Harris got here to MIT to work on photonic quantum computing as a part of his doctoral research with Dirk Englund, an associate professor within the Department of Electrical Engineering and Computer Science. As a part of this work, he built integrated silicon-based photonic chips that might send and process information using light as a substitute of electricity.

The work led to dozens of patents and greater than 80 research papers in prestigious journals corresponding to . But one other technology also caught Harris’ attention at MIT.

“I remember walking down the hallway and seeing students pouring out of those auditorium-sized classrooms and watching live videos of lectures to see professors teaching deep learning,” Harris recalls, referring to the Artificial intelligence technology. “Everyone on campus knew that deep learning was going to be a giant deal, so I began learning more about it and we realized that the systems I used to be constructing for photonic quantum computing could actually be used for deep learning. “

Harris had planned to turn into a professor after earning his doctorate, but realized that he could attract more cash and innovate more quickly through a start-up, so he teamed up with Darius Bunandar PhD ’18, who also studied in Englund’s lab, and Thomas Graham MBA together ’18. The co-founders successfully launched into the startup world by winning the 2017 MIT $100K Entrepreneurship Competition.

See the sunshine

Lightmatter’s Envise chip takes the a part of computing that electrons do well, corresponding to memory, and combines it with what light does well, corresponding to performing the huge matrix multiplications of deep learning models.

“Photonics lets you do multiple calculations at the identical time because the information is available in for various colours of sunshine,” Harris explains. “You could have a photograph of a dog in a single color.
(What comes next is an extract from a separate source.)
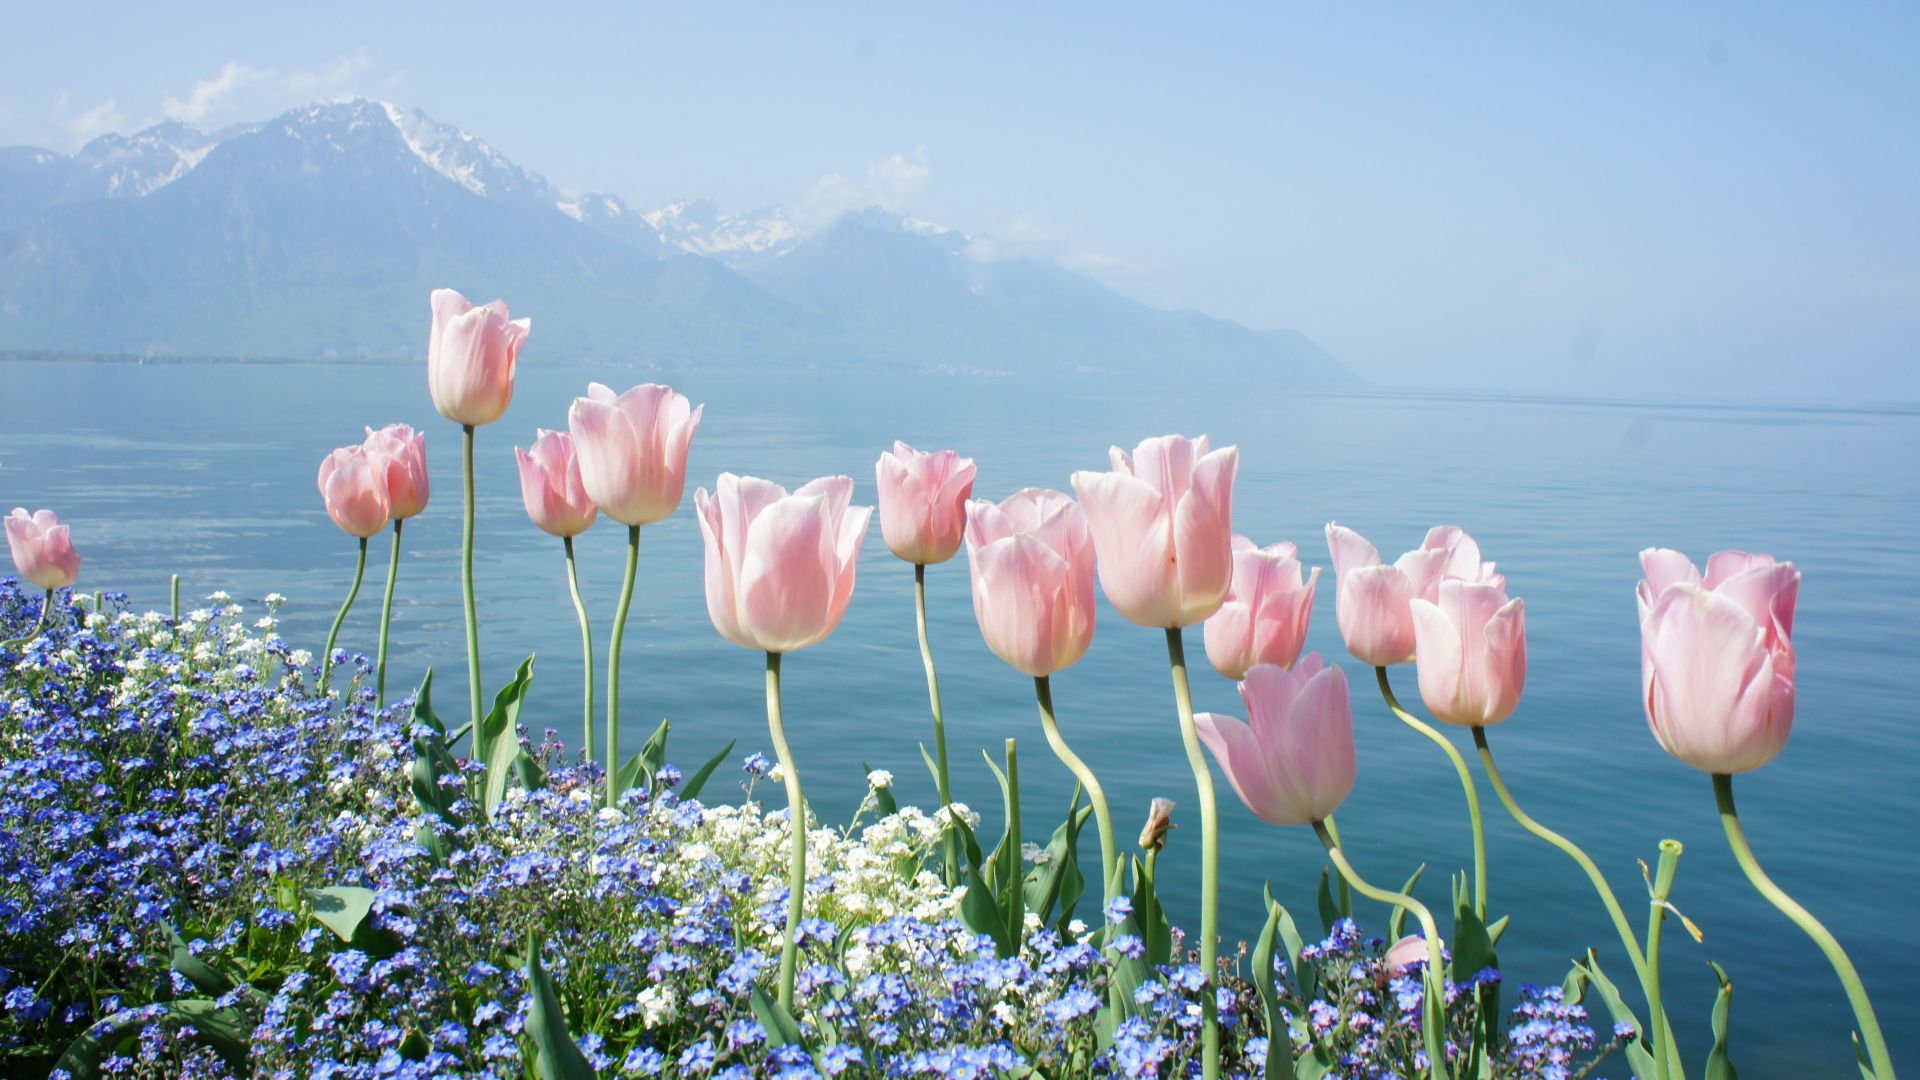 тюльпан, 4k, HD, весенние цветы, горы, tulip, 4k, HD wallpaper, spring flowers, mountains (horizontal)

In a unique color you can have a photograph of a cat. In a unique color, possibly a tree, and you can run all three of those processes concurrently through the identical optical processing unit, this matrix accelerator. This increases operations per area and reuses existing hardware, increasing energy efficiency.”

Passage leverages the latency and bandwidth benefits of sunshine to attach processors in the same option to how fiber optic cables use light to send data over long distances. It also allows chips the scale of entire wafers to operate as a single processor. Sending information between chips is central to running the huge server farms that power cloud computing and power AI systems like ChatGPT.

Both products are designed to make computers more energy efficient, which Harris says is required to maintain up with increasing demand without causing an enormous increase in power consumption.

“Some predict that by 2040, around 80 percent of all energy consumption on the planet might be spent on data centers and computing, and AI will account for a big portion of that,” Harris says. “When you take a look at using computers to coach these large AI models, it’s estimated that they may eat a whole lot of megawatts. Their electricity consumption is on the dimensions of cities.”

Lightmatter is currently working with chip manufacturers and cloud service providers for mass deployment. Harris points out that because the corporate’s devices are powered by silicon, they might be manufactured in existing semiconductor manufacturing facilities without major process changes.

The ambitious plans are intended to open up a brand new path for computer science that may have a big impact on the environment and the economy.

“We will proceed to check all of the parts of a pc to determine how light can speed them up, make them more energy efficient and faster, and we’ll proceed to switch those parts,” Harris says. “Right now we’re focused on connecting with Passage and processing data with Envise. But over time we’ll develop the following generation of computers, and it can all be about light.”